Told you I could balance 16 nails on the head of one
By Rob Carrigan, robcarrigan1@gmail.com
Cook your eggs the same way every time, don’t you? Some things, you just can’t help but come back to, to the same place, over and over again. For me, it is in a little store, in a little town, when I was just a little man.
Cook your eggs the same way every time, don’t you? Some things, you just can’t help but come back to, to the same place, over and over again. For me, it is in a little store, in a little town, when I was just a little man.
Saturday morning, 9 a.m., 1979 -- A curvy woman, dark
shoulder-length, curly hair, maybe 30, attractive, with a big, winning smile on
her face, bounces in from the side door, right up to the nail counter.
“Do you have a block of wood and a hammer?”
Nick and I looked at her, and perhaps at each other.
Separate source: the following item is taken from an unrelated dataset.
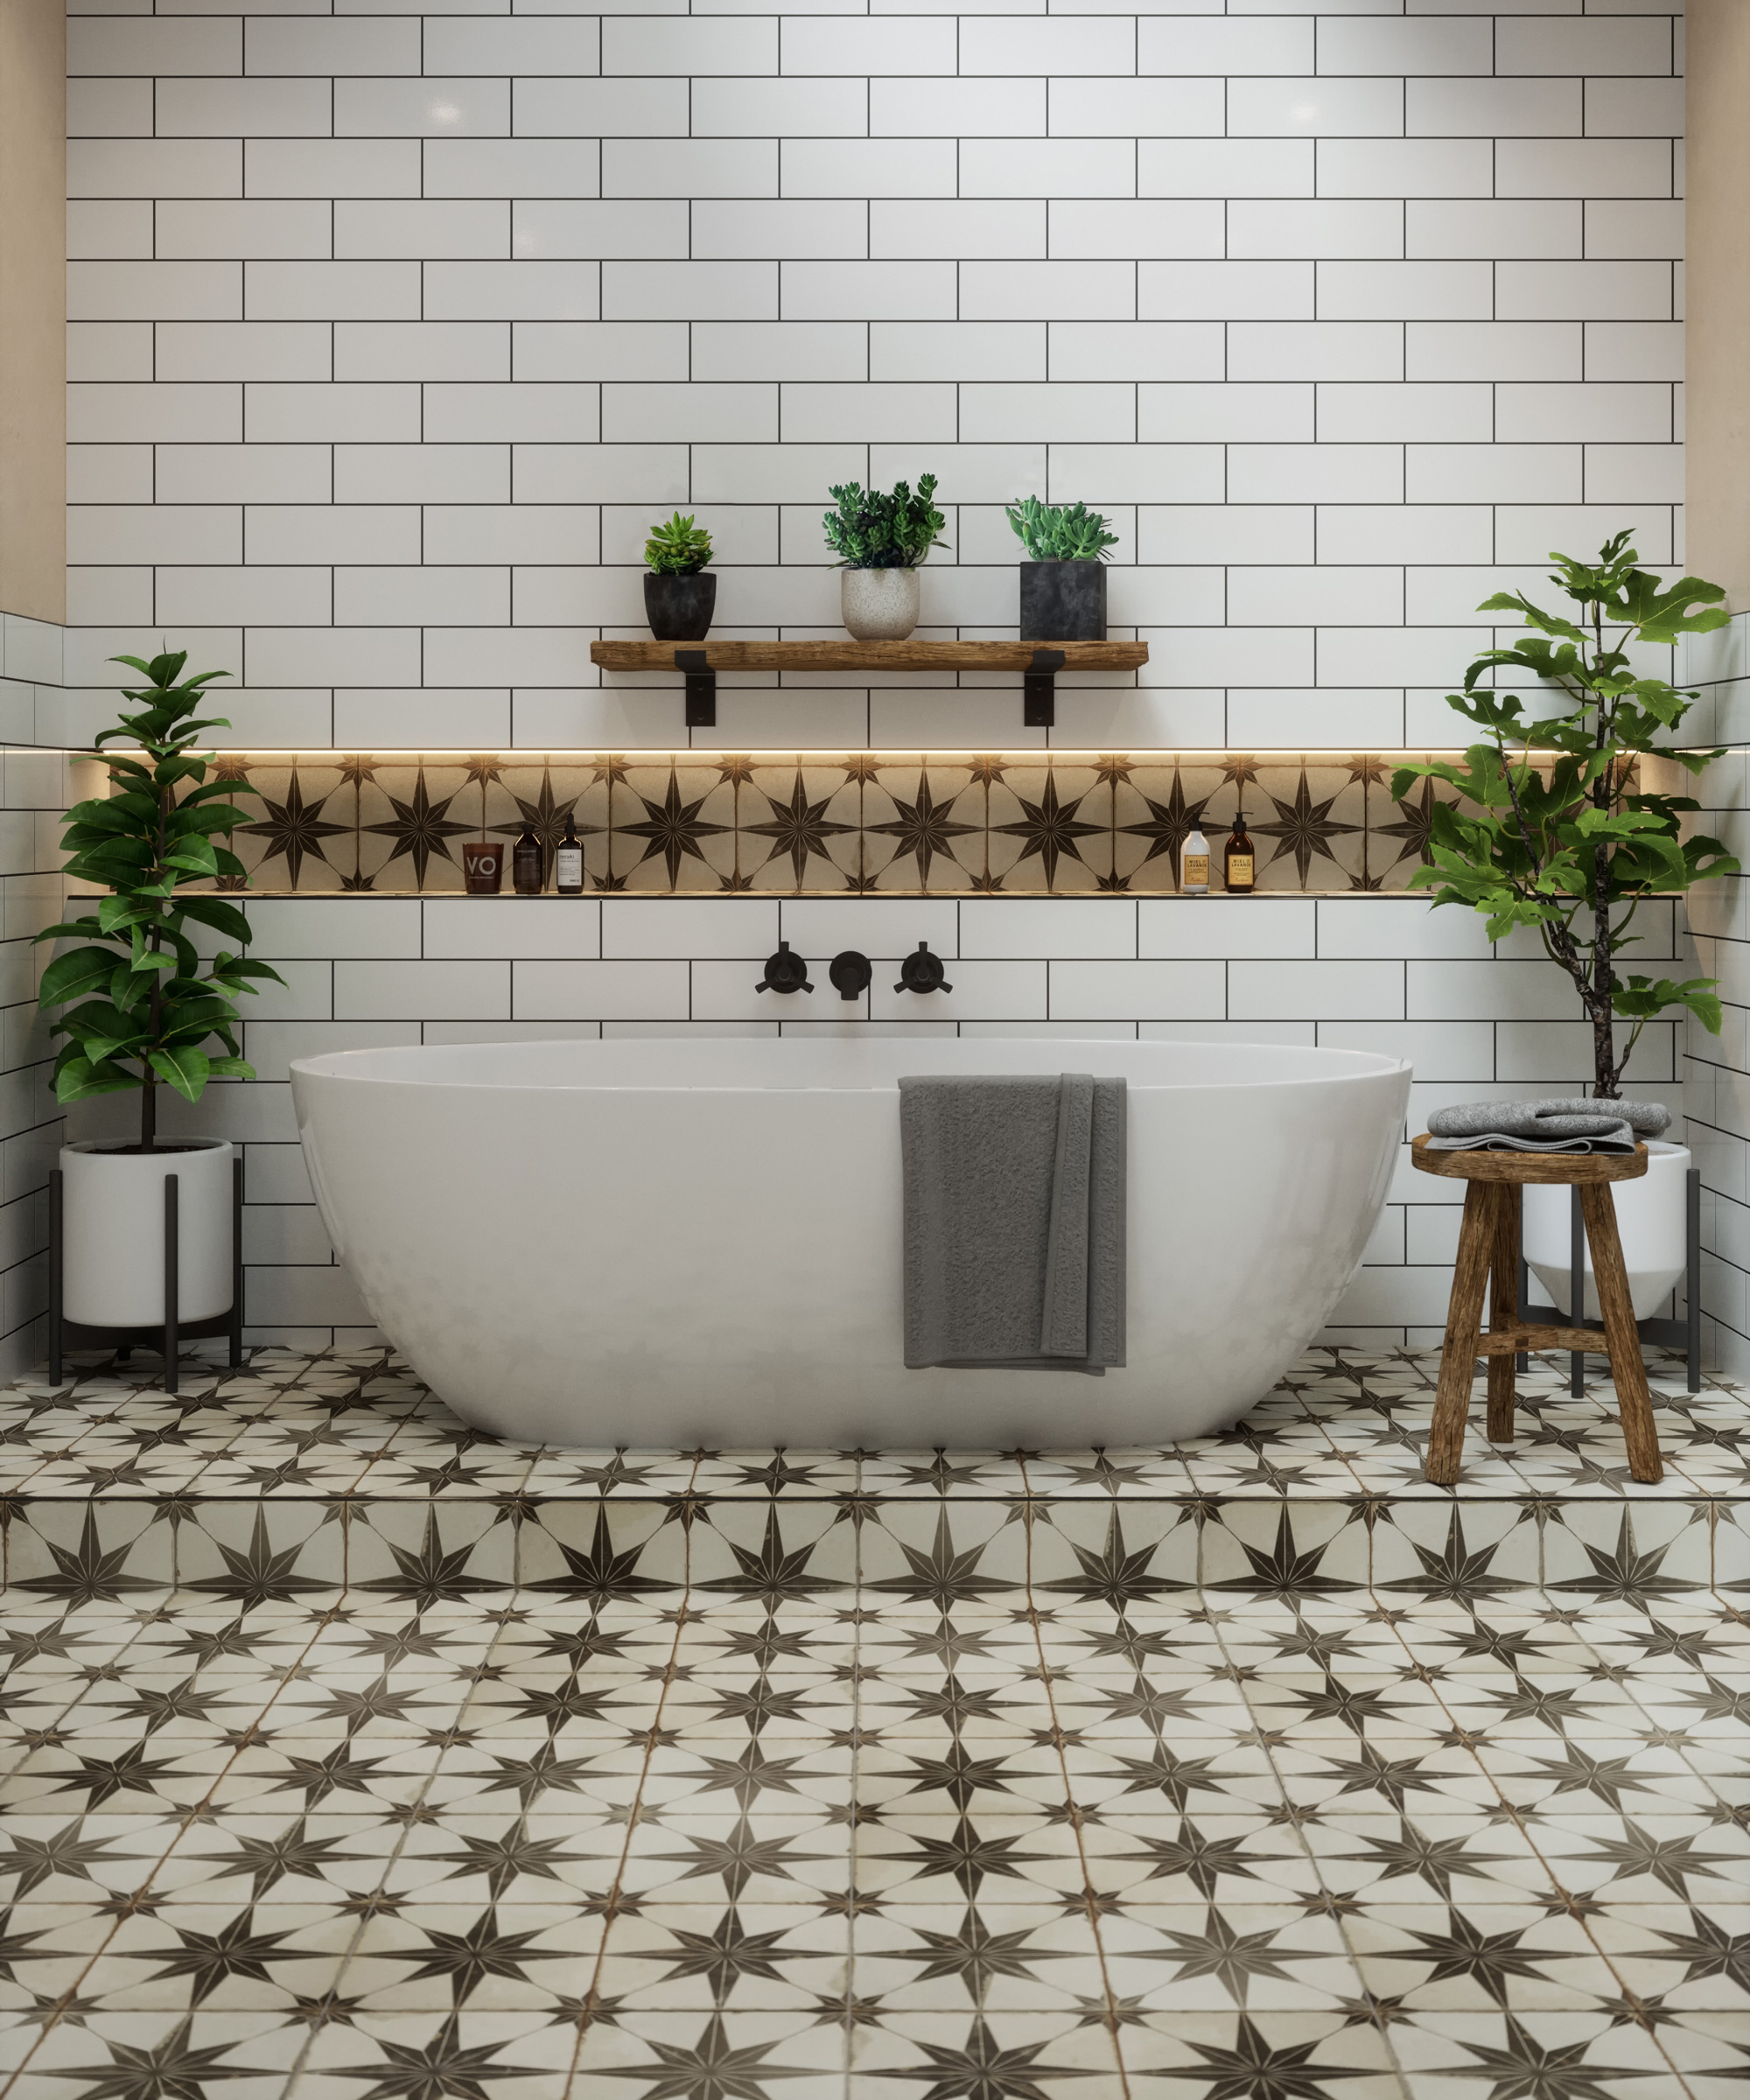 Bathroom Tile Ideas 32 New Looks To, Vintage Bathroom Floor Tile Patterns

We
didn’t say it, but this is a hardware store, lady, of course there is a hammer
around here, and I’m sure, a block of wood.
“What are you using them for?” One of us asked.
“I bet I can balance 16 nails on the head of one,” her
answer confidently snapped back in our general direction.
Per her instructions, we fished seventeen 16-penny,
smooth-box, cement coats, out of the dusty nail bin and plopped them down on
the semi-rough surface of the composite counter.
“Now drive one into the center of the block,” she said. “But
not all the way down.”
One of us grabbed the hammer that hung in a loop at the edge, near the scale.
And, we did as we were told.
She grabbed up the rest of the nails. She places one flat in the
center on the dark countertop, then, alternating on each side, places all but
one of the additional nails, with their
heads down the spine of that first nail, until all of them lined up, looking
like an eight-winged dragon fly. Then, with the last nail dropped on top, facing
the opposite direction, and also weaving between the segments of the metal
dragon fly, she picks up the whole configuration, between thumb and forefinger.
Steadily, but very quickly, she balances it on the nail that
we drove into the block of wood.
All sixteen nails balanced, by themselves, on the center
piece.
“I told you I could balance 16 nails on the head of one,”
she said, flashed the smile again, and left through side door. Never to be seen
again.
I couldn’t tell you how many times I’ve successfully, and
sometimes profitably, used that trick since.